Dataset.
★ ★ ★ ★
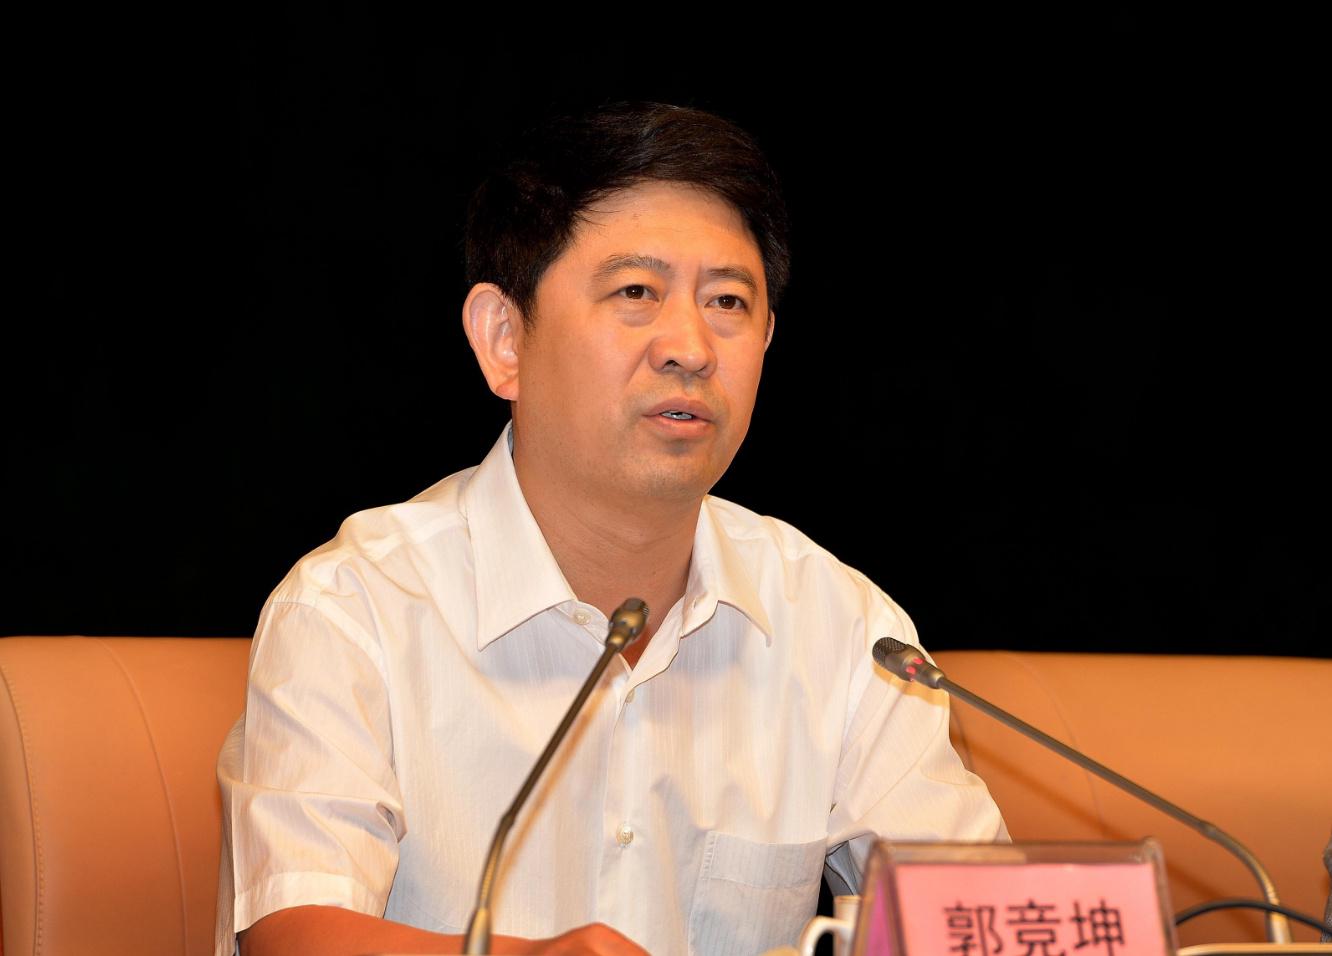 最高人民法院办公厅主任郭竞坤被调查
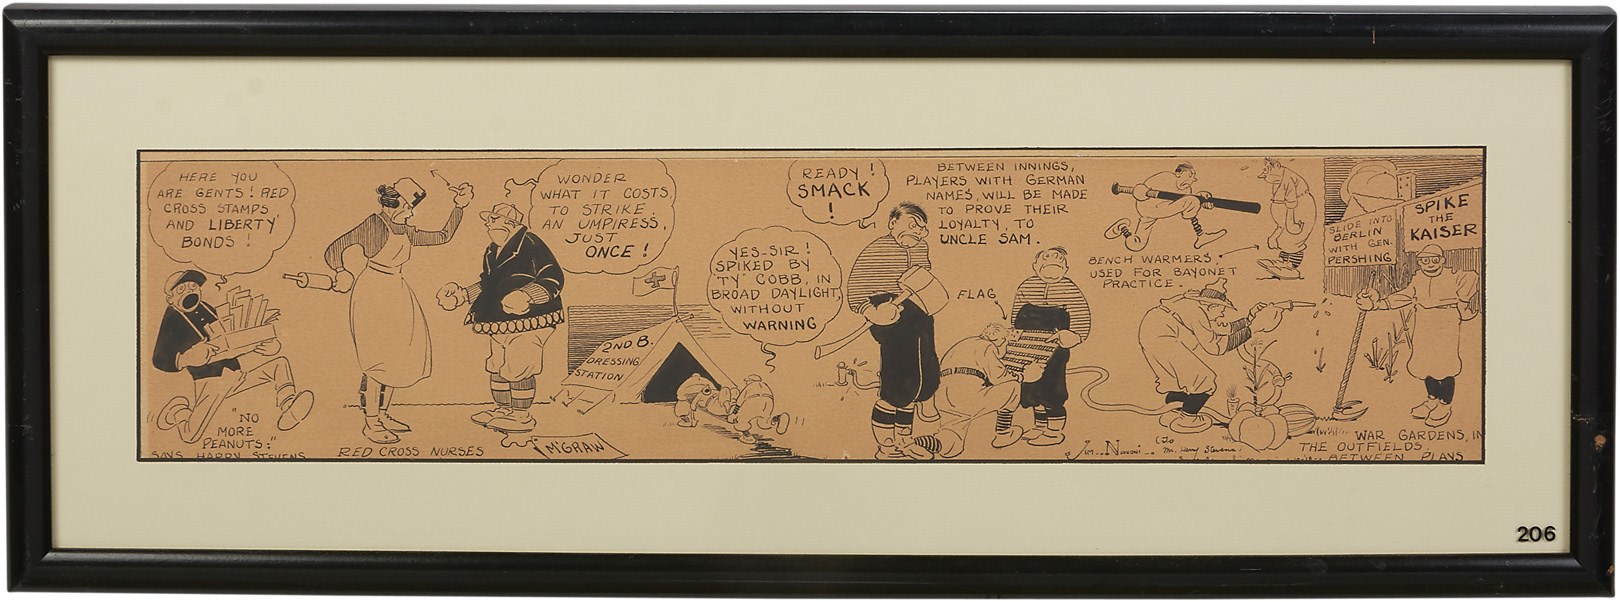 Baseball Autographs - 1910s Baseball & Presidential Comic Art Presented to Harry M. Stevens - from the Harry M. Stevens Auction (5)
★ ★ ★ ★
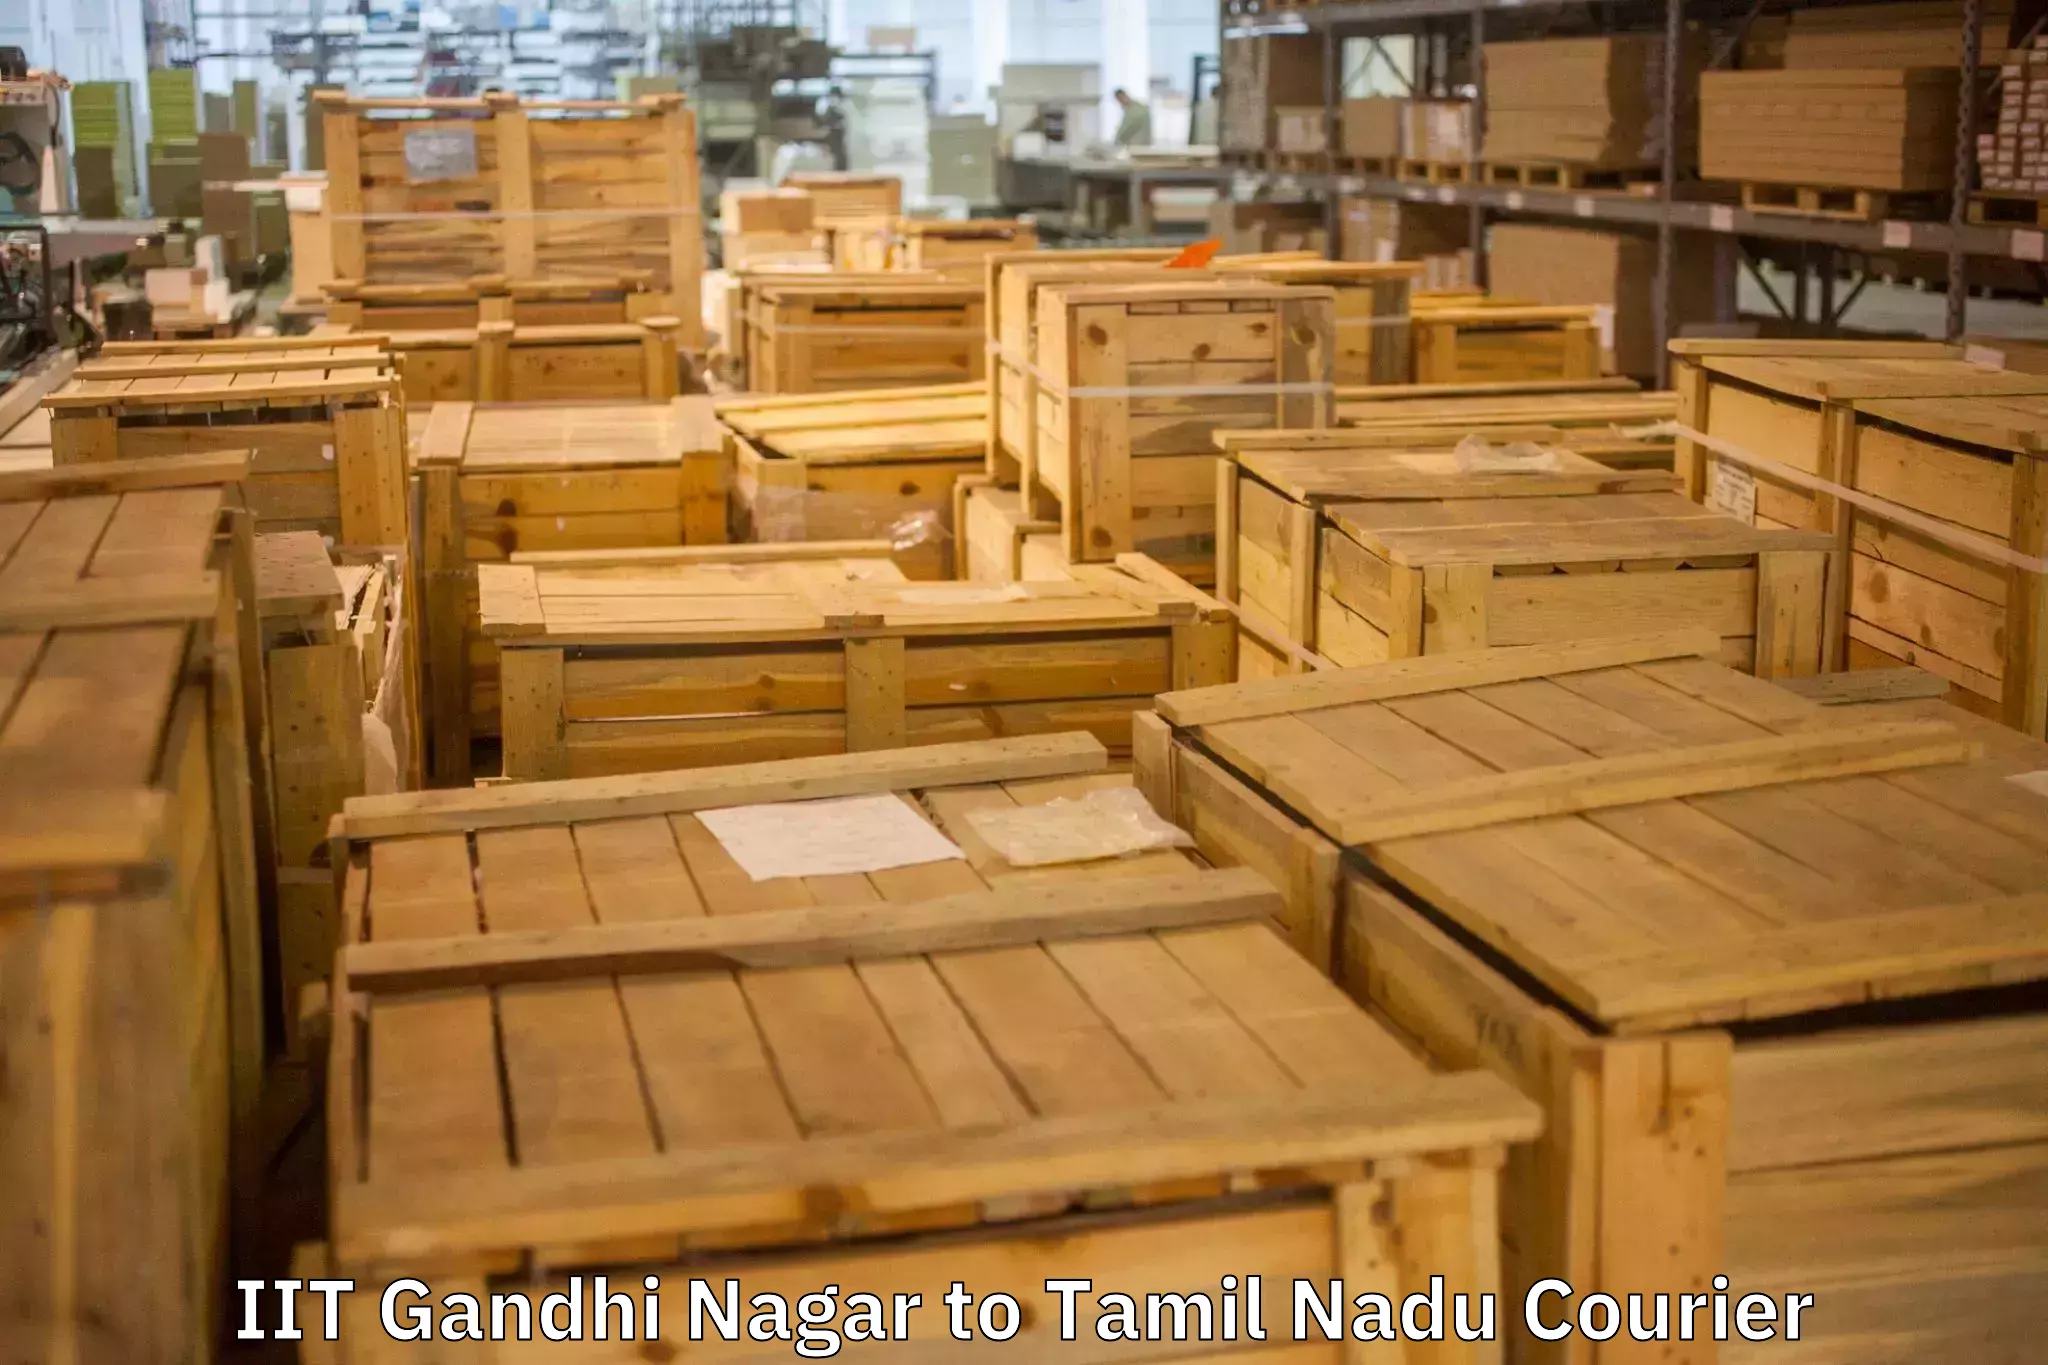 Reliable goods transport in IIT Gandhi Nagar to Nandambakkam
★ ★ ★ ★
Try it. In the listing above, find the line containing "最高人民法院办公厅主任郭竞坤被调查" and the line containing "Baseball Autographs - 1910s". Print those two lines and every line between them exactly, with no pictures.

Answer box.
 最高人民法院办公厅主任郭竞坤被调查
 Baseball Autographs - 1910s Baseball & Presidential Comic Art Presented to Harry M. Stevens - from the Harry M. Stevens Auction (5)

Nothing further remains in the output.